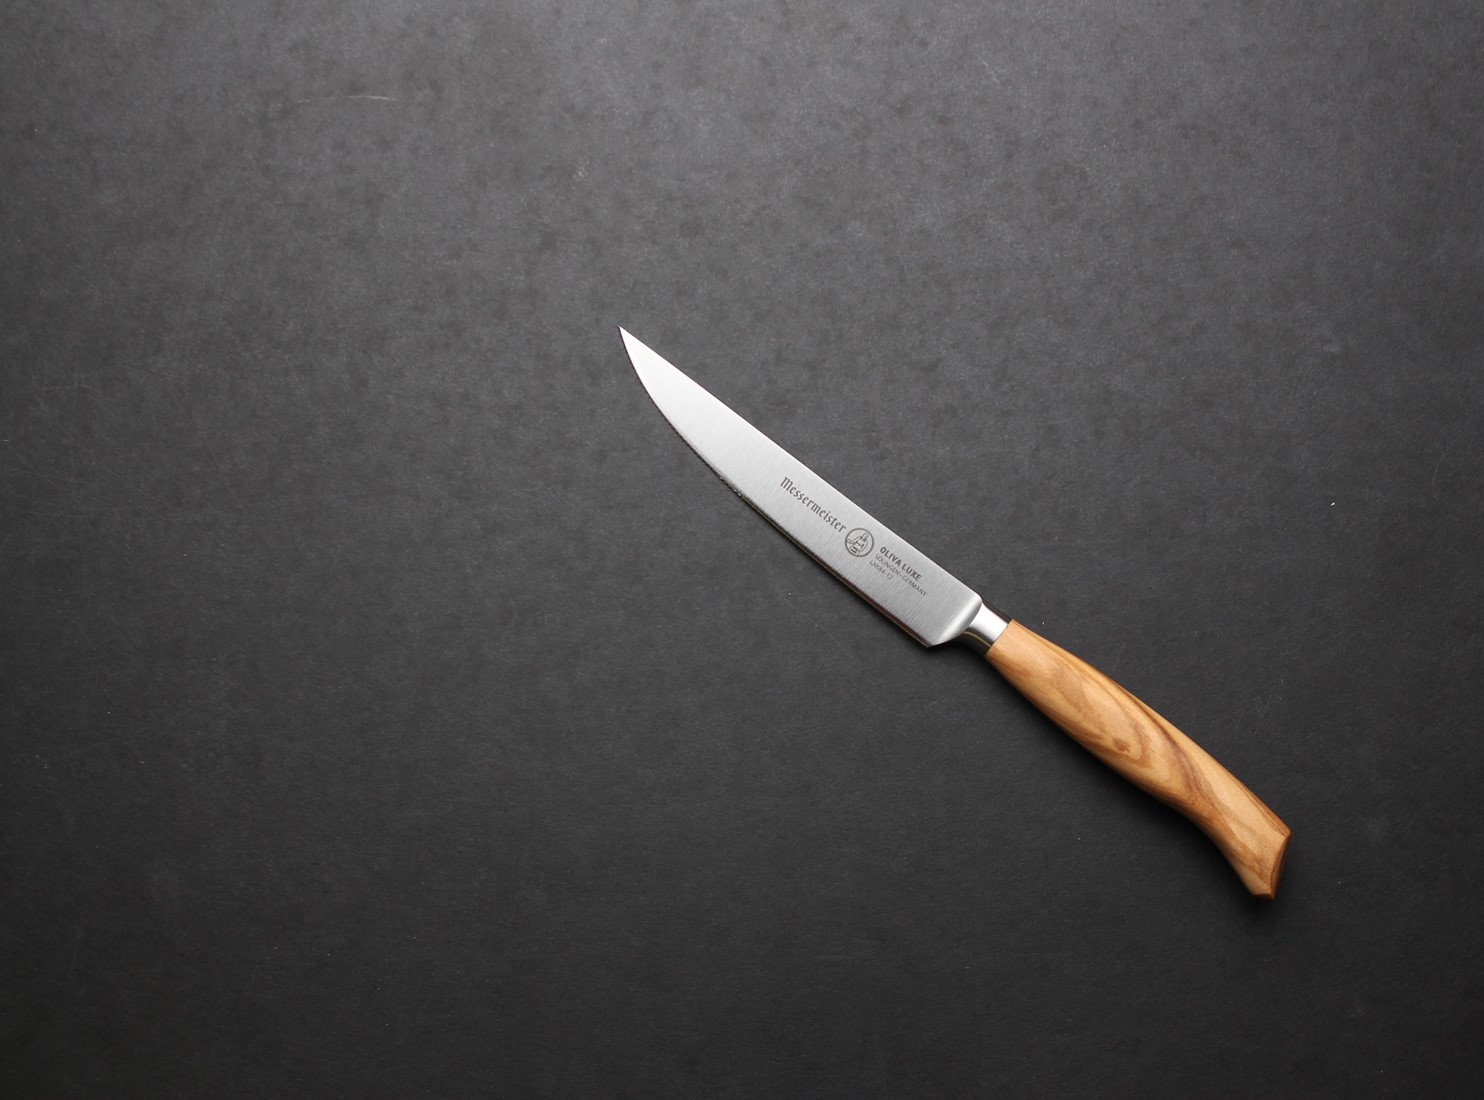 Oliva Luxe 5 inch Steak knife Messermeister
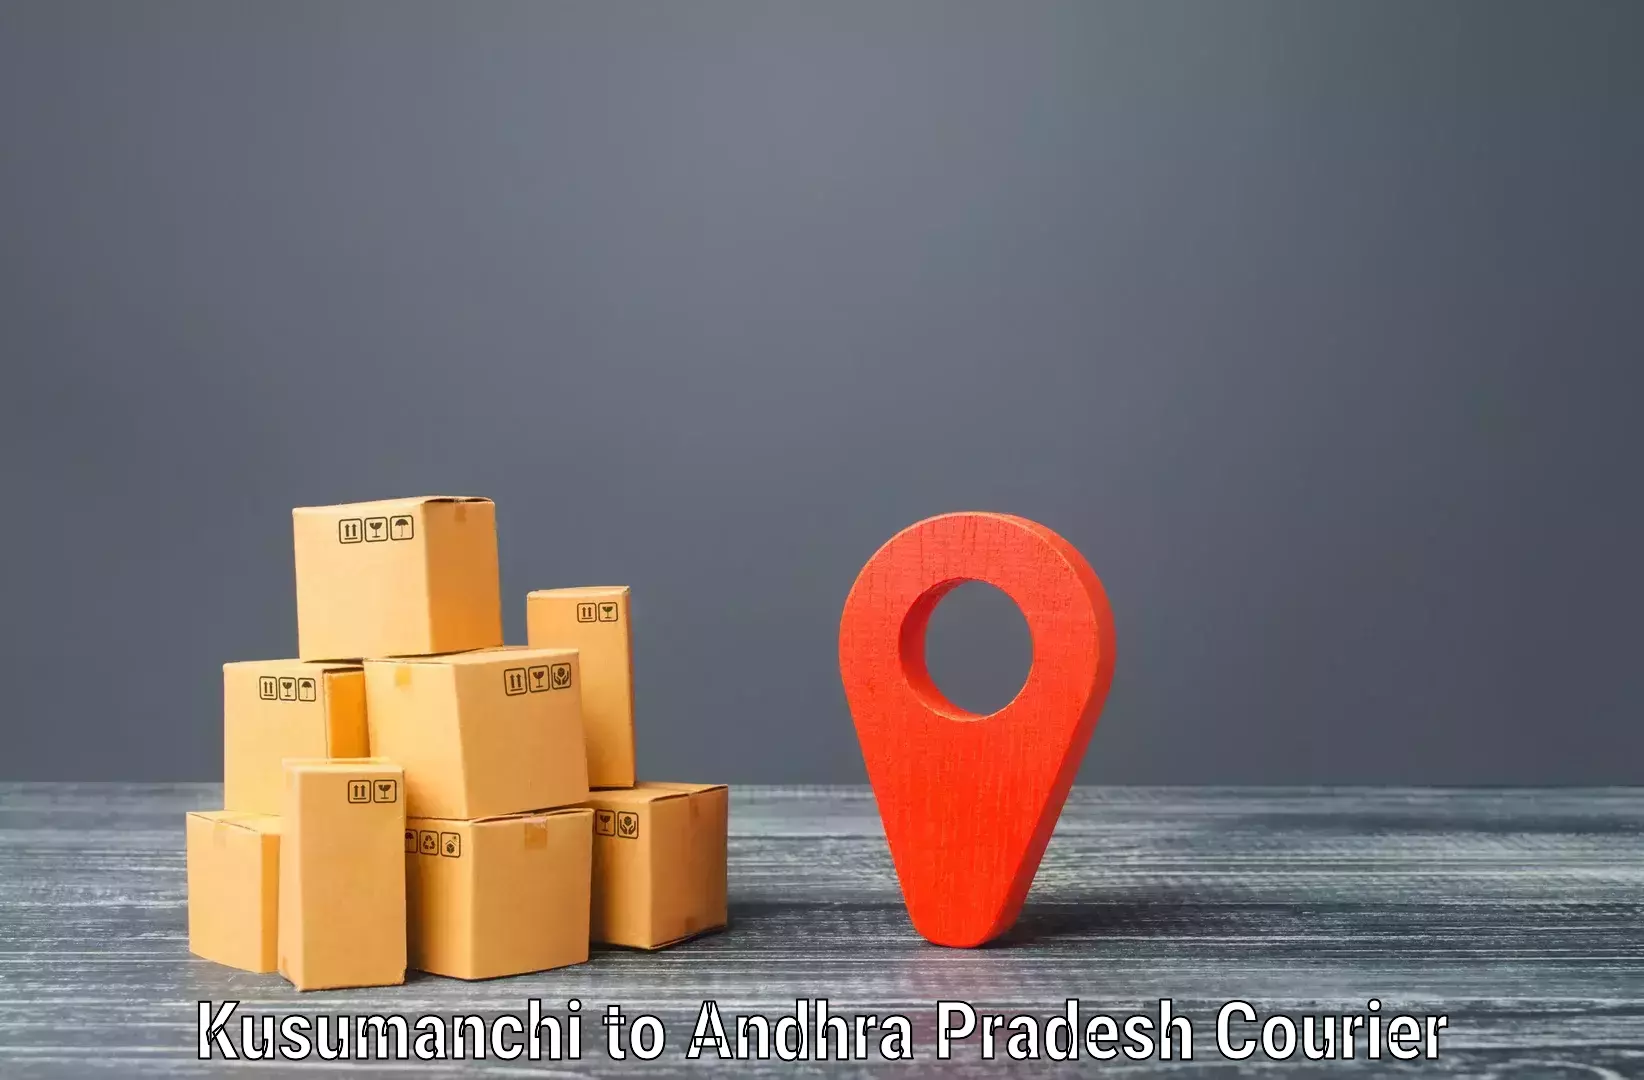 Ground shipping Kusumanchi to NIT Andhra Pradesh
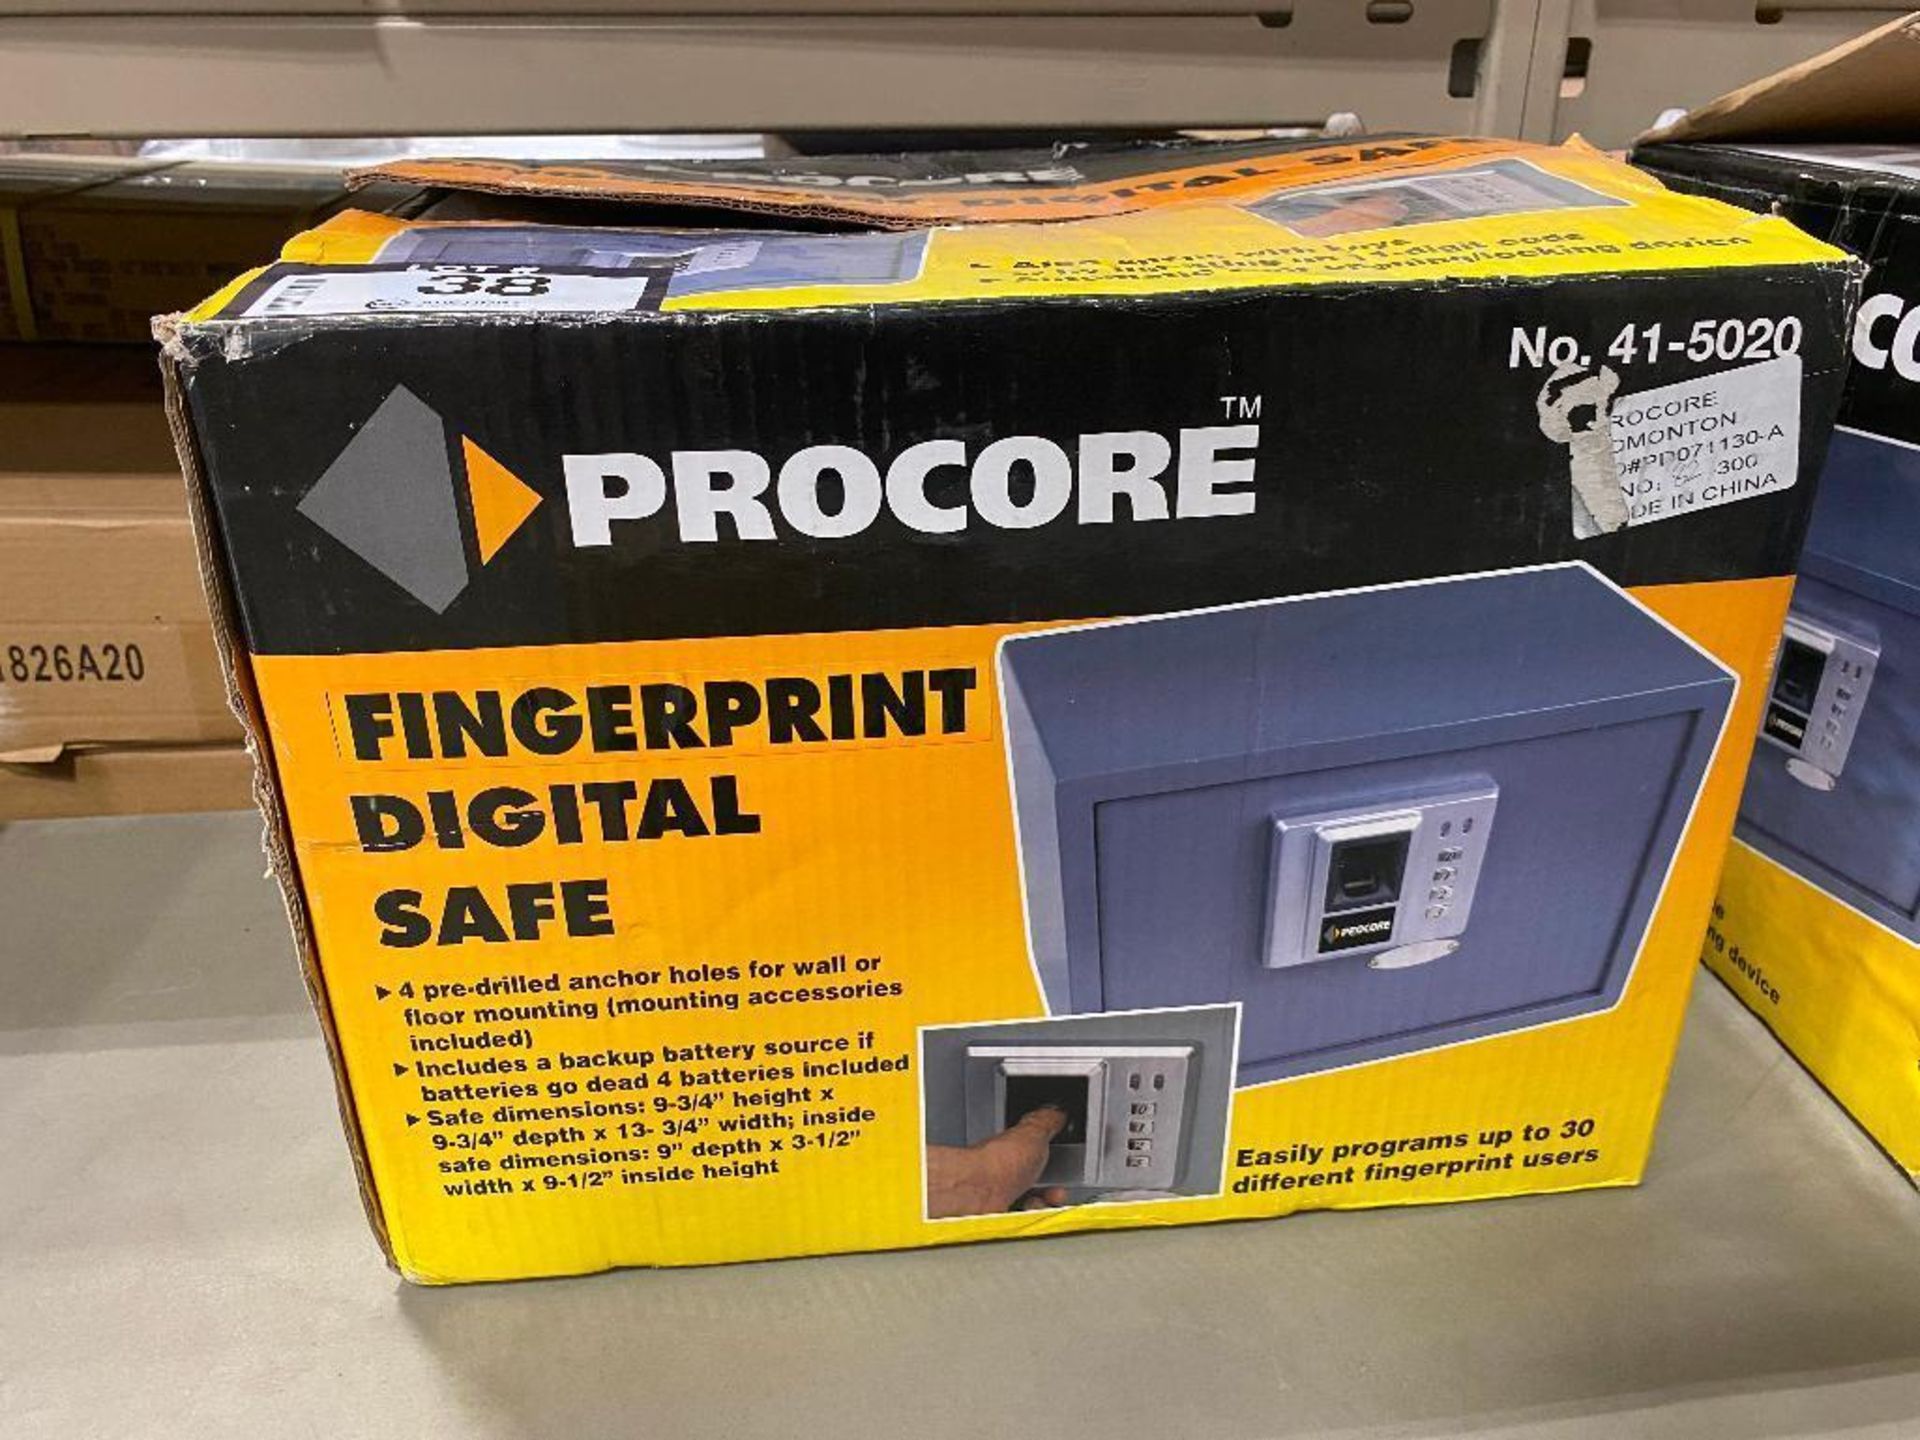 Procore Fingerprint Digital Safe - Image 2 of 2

- [Exercise prompt]:
Copy out all the data above exactly, pictures excluded.

- [Answer to this problem]:
 Oliva Luxe 5 inch Steak knife Messermeister
 Ground shipping Kusumanchi to NIT Andhra Pradesh
 Procore Fingerprint Digital Safe - Image 2 of 2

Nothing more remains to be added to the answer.